To be clear: My datalog is not that relevant, that I can’t live without a loss. But if there is a focus on long term data and backup is in place, it should work as a backup with the possibility to restore it - including the datalog,

petro · January 19, 2022, 12:44pm

This is not a bug. I already told you about the technical limitations. You’re welcome to sit here and argue, but this will not change. The simple fact is: You run a corruption risk every time you backup that file and the file contains a partial write.

Please show me these solutions that involve users using home assistants built in SQLLite database.
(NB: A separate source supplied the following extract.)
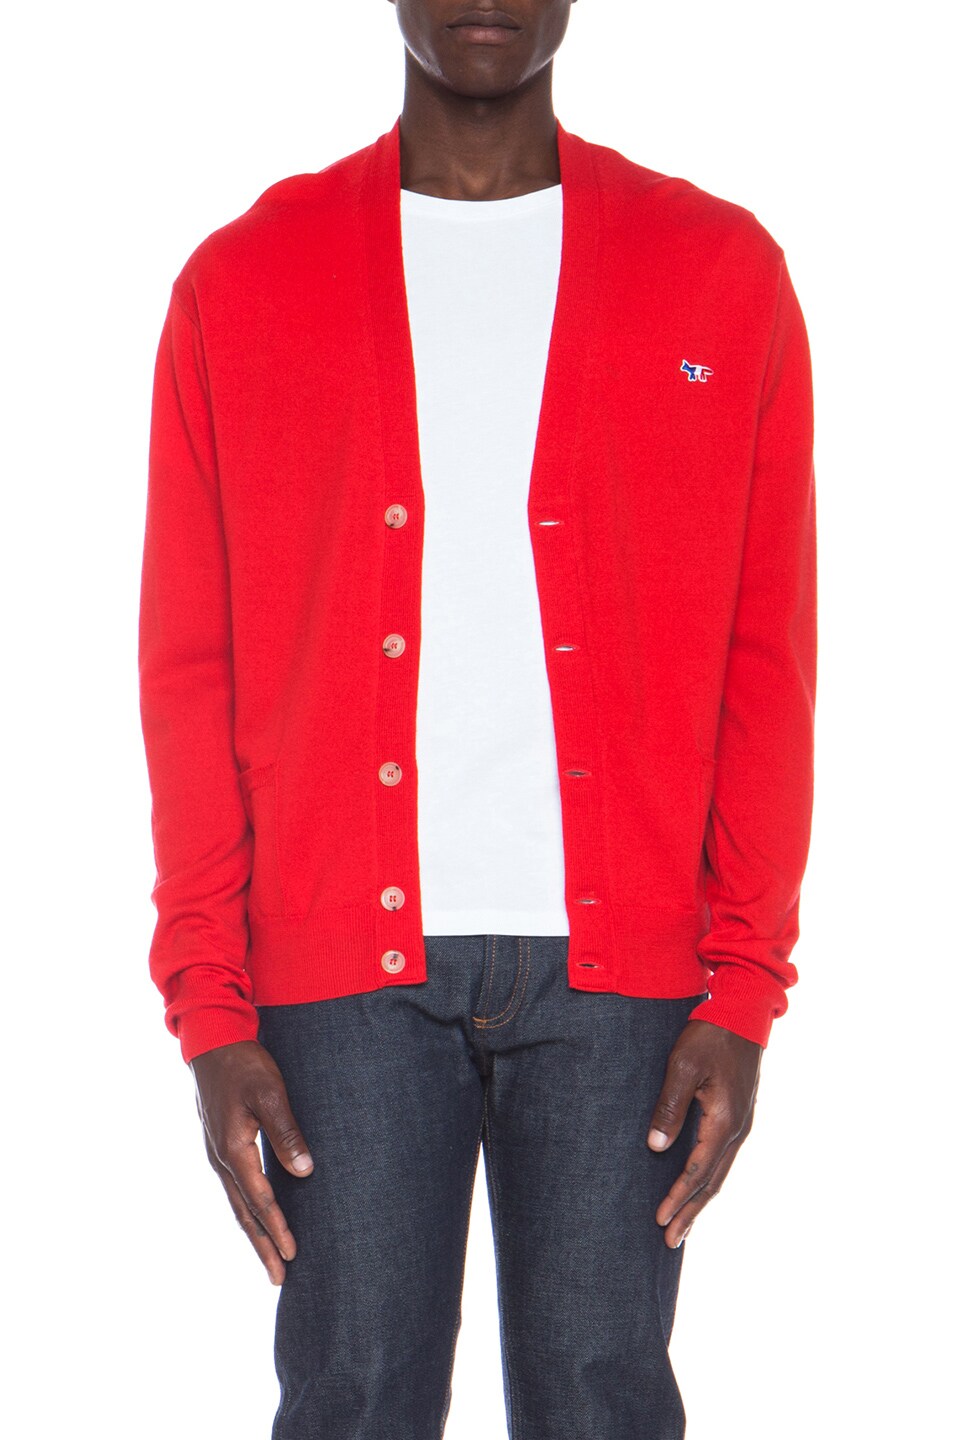 Image 1 of Maison Kitsune Classic Virgin Wool Cardigan Tricolore Patch in Red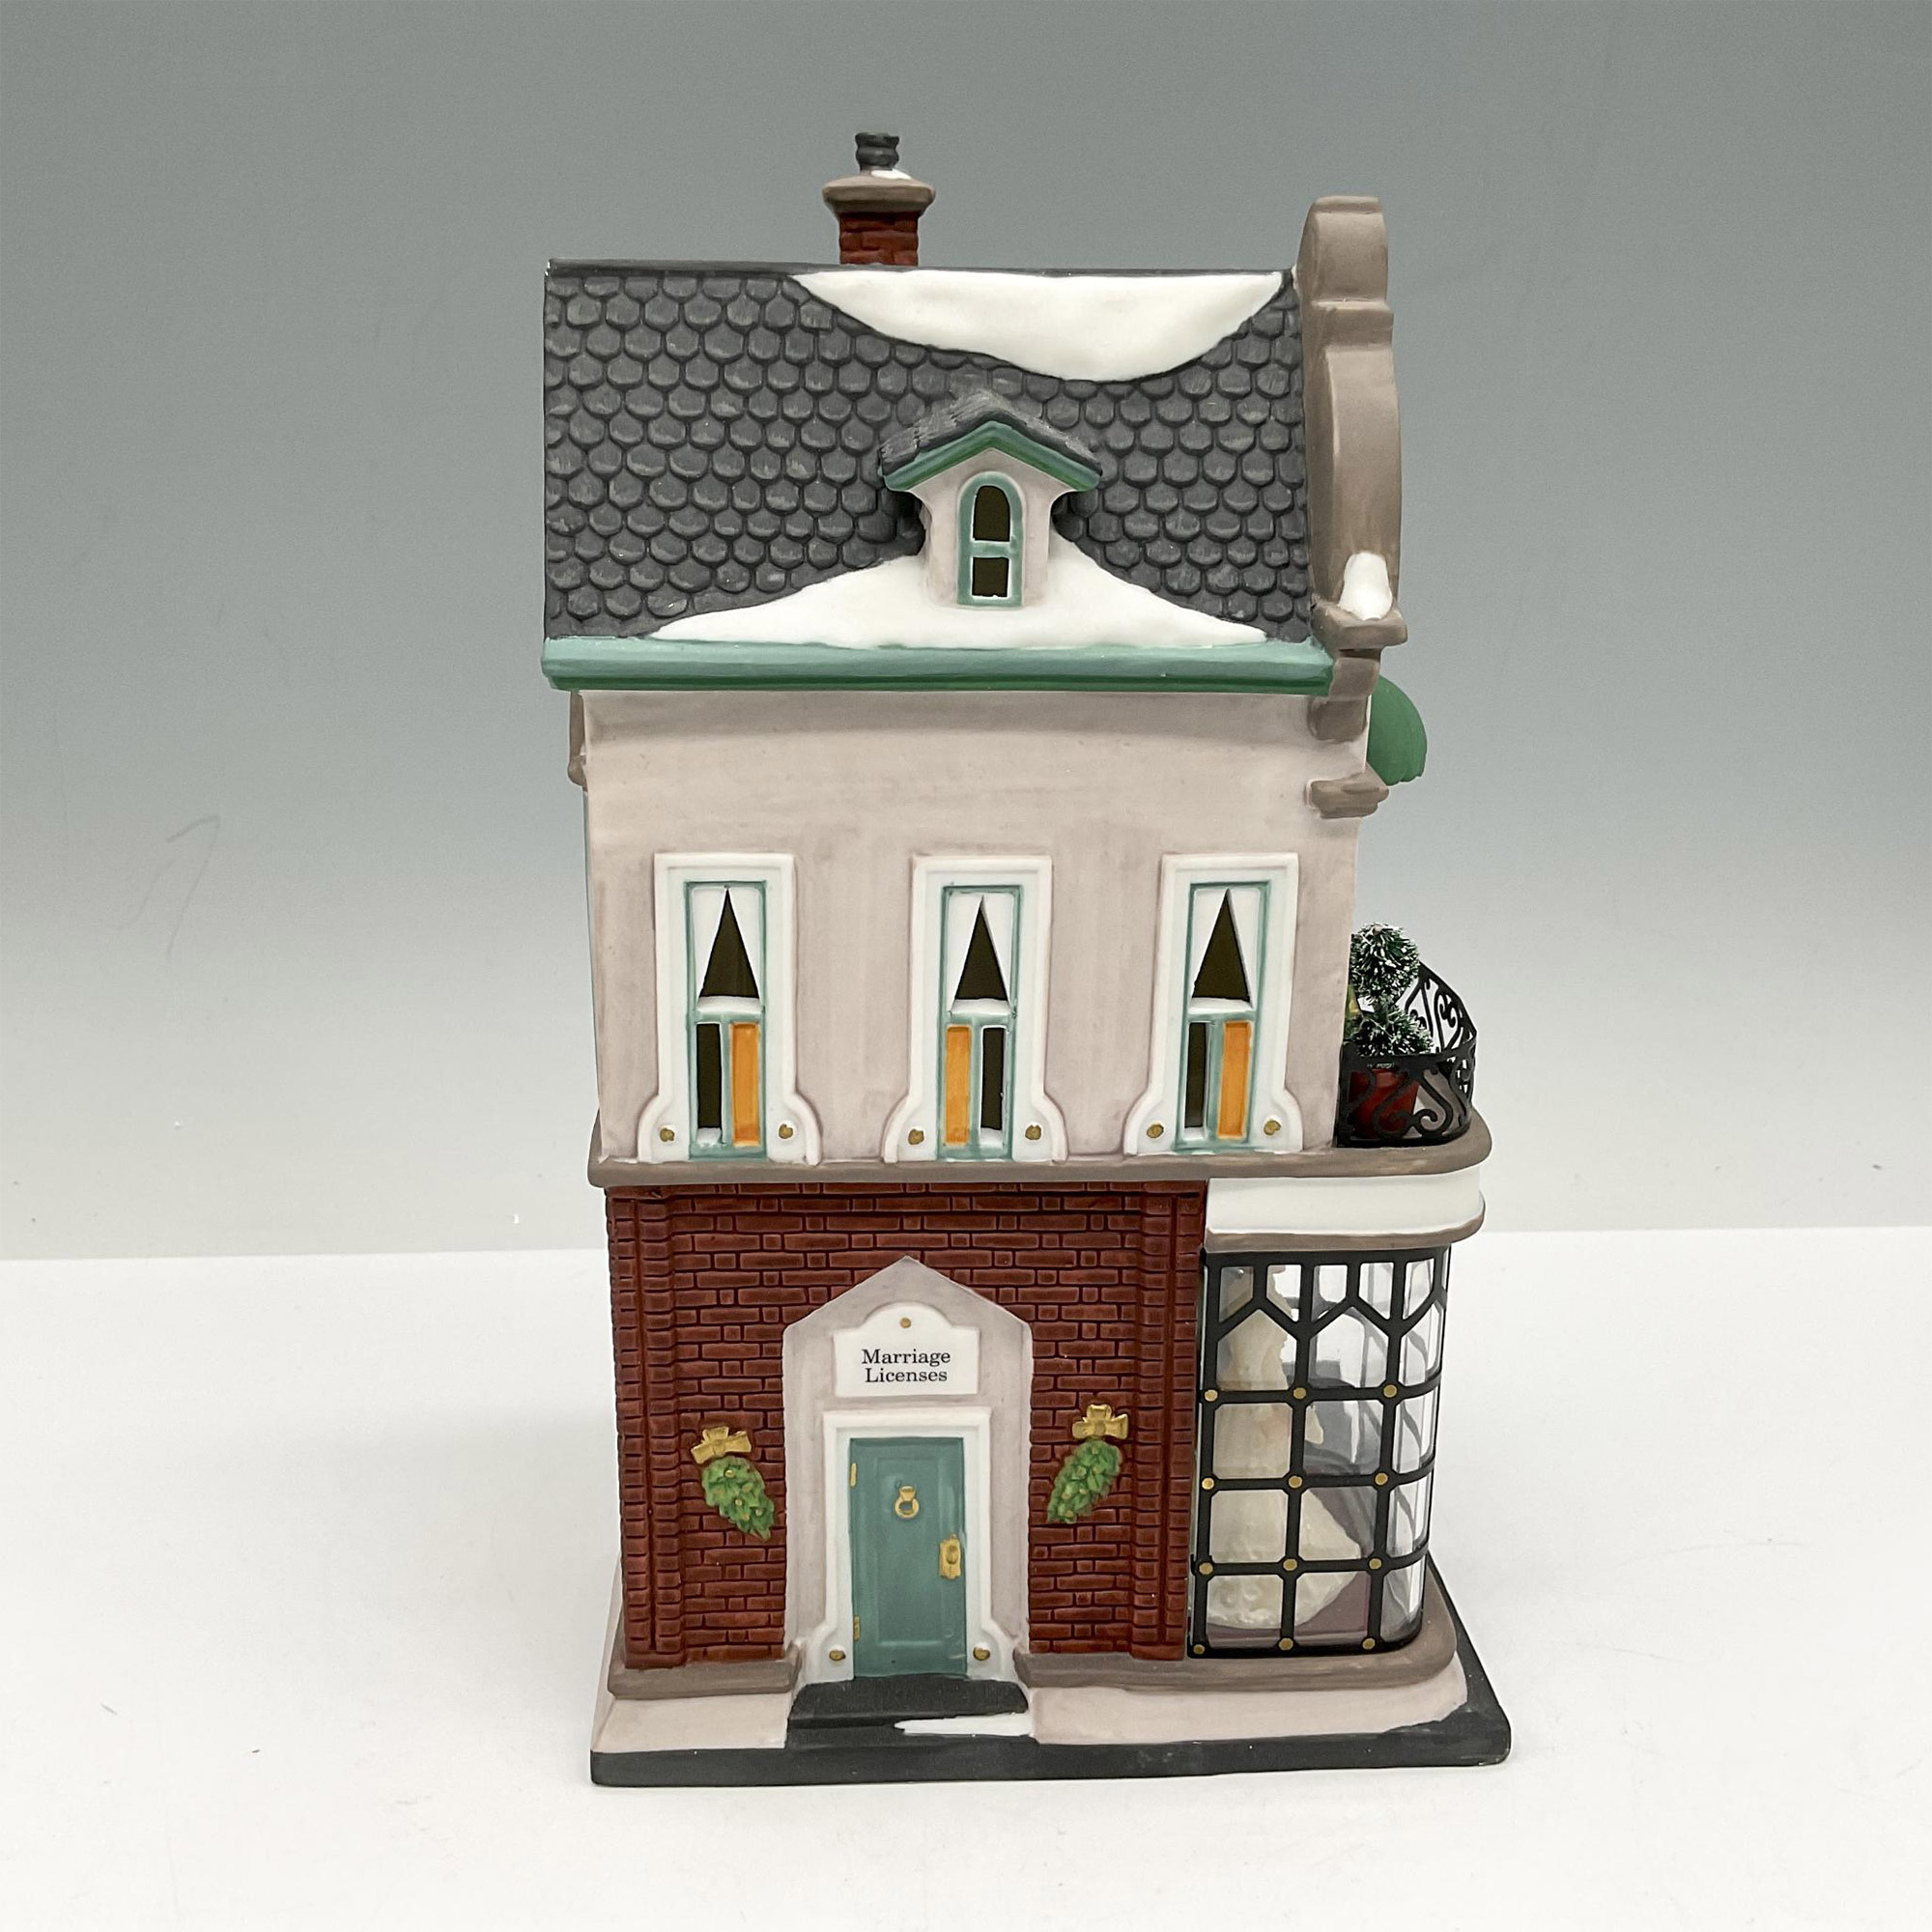 Department 56 Porcelain Christmas In The City, Wedding Gallery - Image 2 of 6

I can tell you the solution, however you rather ignore my advice and argue with me that it’s a “Work around”.

I have no clue what you’re even asking here. None of this makes sense.

It backs up the MariaDB container which contains the database. The container locks the database during a backup, which isn’t possible with the provided default SQLLite database. The SQLLite database is a flat file and essentially a copy/paste into your zip file, which leads to potential corruption. For extra safety, you can shutdown the container during your backup if you like. Otherwise you can keep it running and hold trust in the database lock.

I’ve already listed the benefits and you’ve chosen to argue/ignore them. I’m not sure how else I can make this clear:

You’re less likely to run into data loss when using MariaDB, the official addon built and maintained by home assistant.

arganto · January 19, 2022, 1:49pm

You have written

I only asked, why I have to do it, when you now write (and I thought to have understood before)

That was all, what I did not undertand and still not understand. Why another backup schedule for it separately from HA, when the supervisor-backup is doing this as well?

petro · January 19, 2022, 1:52pm

Where did I say that you needed another backup schedule? I said you can choose to make your own backup schedule with a shutdown of the container. You can’t shutdown HA while running a backup, hence you’d need a separate schedule that shuts down just the MariaDB container.